April 25, 2008, The Kremlin, Moscow

President of Russia Vladimir Putin: Good afternoon, colleagues.

Today we continue our series of consultations on drafting the federal budget for the next three years.

I remind you that a whole number of meetings on drafting the budget for 2009 and for the planned period of 2010–2011 have taken place this month. We have determined the real possibilities for taking on new expenditure commitments, that is to say, what we are talking about now is additional expenditure that was not planned earlier as part of federal budget spending.

We made a detailed examination of the biggest spending priorities the budget should reflect. These include, above all, measures to strengthen the pension system, raise pensioners’ incomes, and improve the affordability and quality of healthcare services.
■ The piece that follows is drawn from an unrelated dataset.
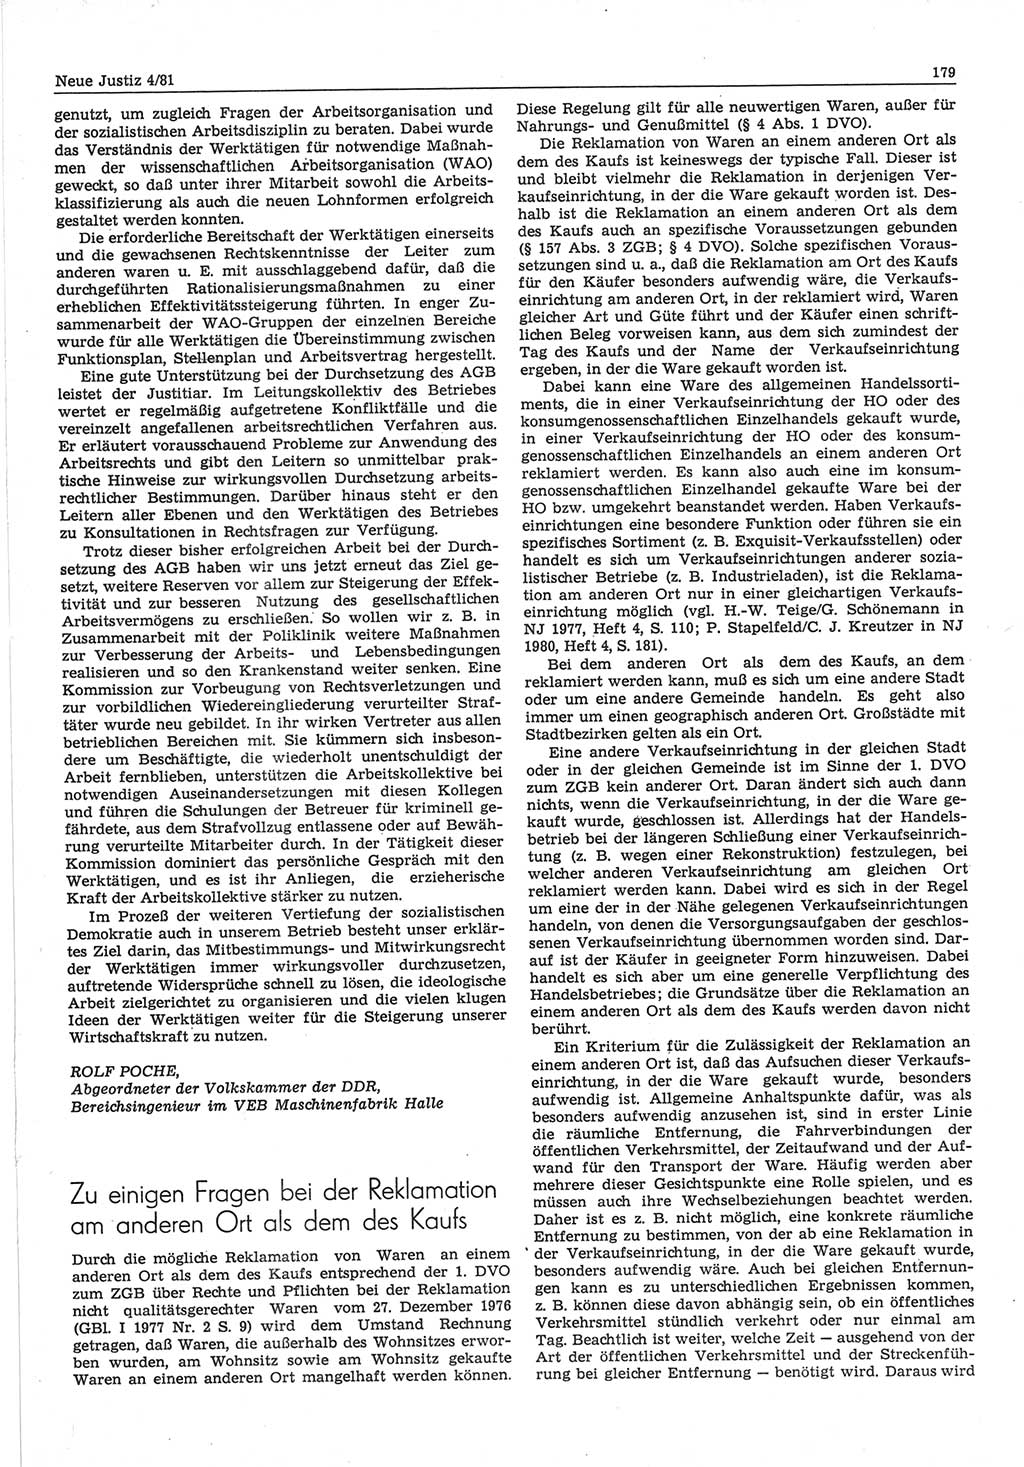 Neue Justiz (NJ), Zeitschrift für sozialistisches Recht und Gesetzlichkeit [Deutsche Demokratische Republik (DDR)], 35. Jahrgang 1981, Seite 179 (NJ DDR 1981, S. 179)
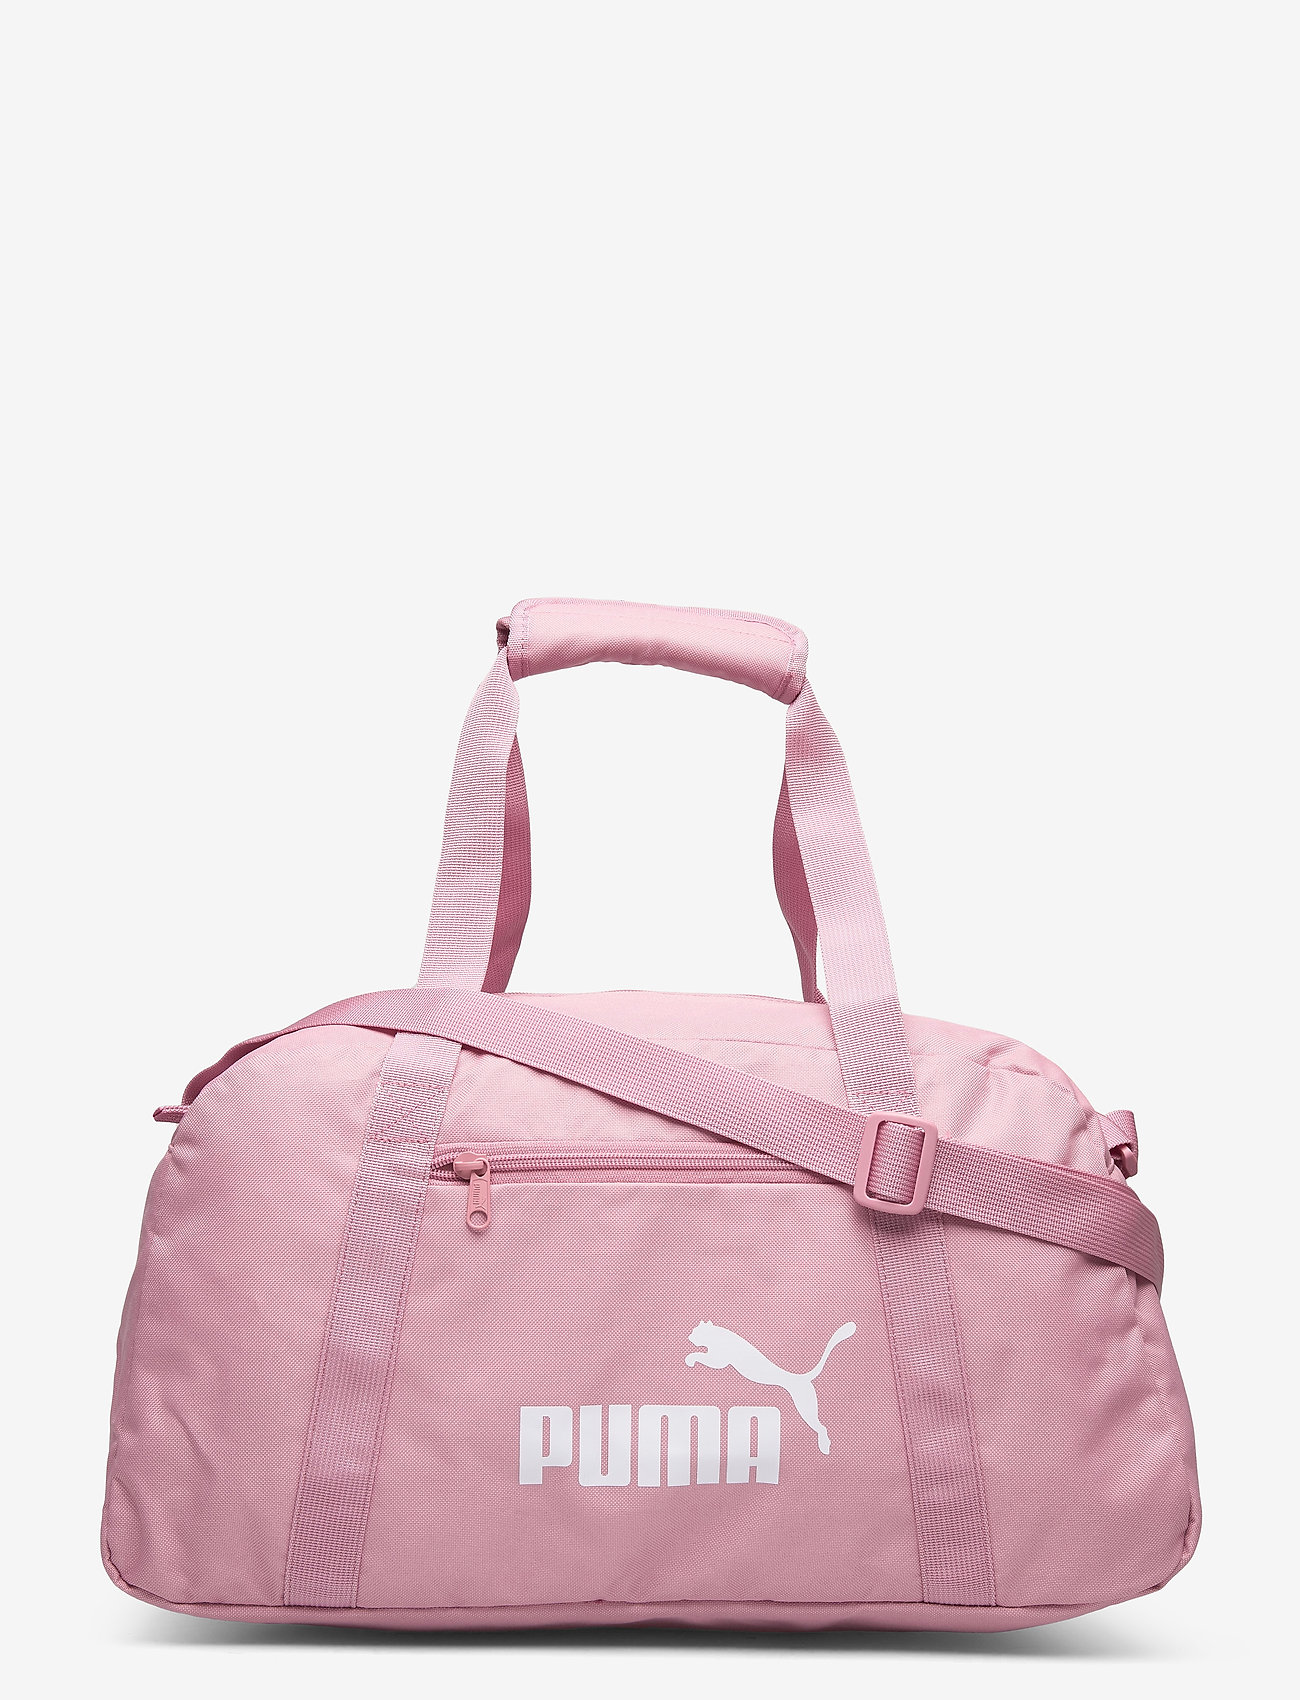 puma weekender bag

We also plan to increase spending on public sector wages and the wages of law enforcement personnel.

Another priority for our attention is wages in the Armed Forces, especially for those serving in areas that form the backbone of Russia’s defence capability, those who ensure our people’s security. I have asked the Defence Ministry to examine this issue and I hope that the Defence Minister, together with the Finance Minister, will present their proposals to us today.

We have also defined the main directions for state investment and the forms in which it will be carried out. We all know that state investment is far from always effective, and this requires us to be even more attentive in our work because we also know that in some areas there is no getting by without state investment. I am thinking here above all of national security, and modernising and developing the social and transport infrastructures.

I would also like to highlight once again the main principles that we need to place at the centre of our work on drafting the three-year budget. Most important of all is that all of our commitments should be absolutely realistic and able to be fulfilled. Empty promises with no financial base to back them up are of no use to anyone. Of course, budget resources should be made to work as effectively as possible to achieve our country’s strategic economic and social development goals, to pursue innovative and systematically coordinated development. And, of course, we also need to pay very close attention to maintaining macroeconomic stability.

All of these areas are key conditions for our country’s continued development, and for consolidating the positive results that Russia has achieved over these last years.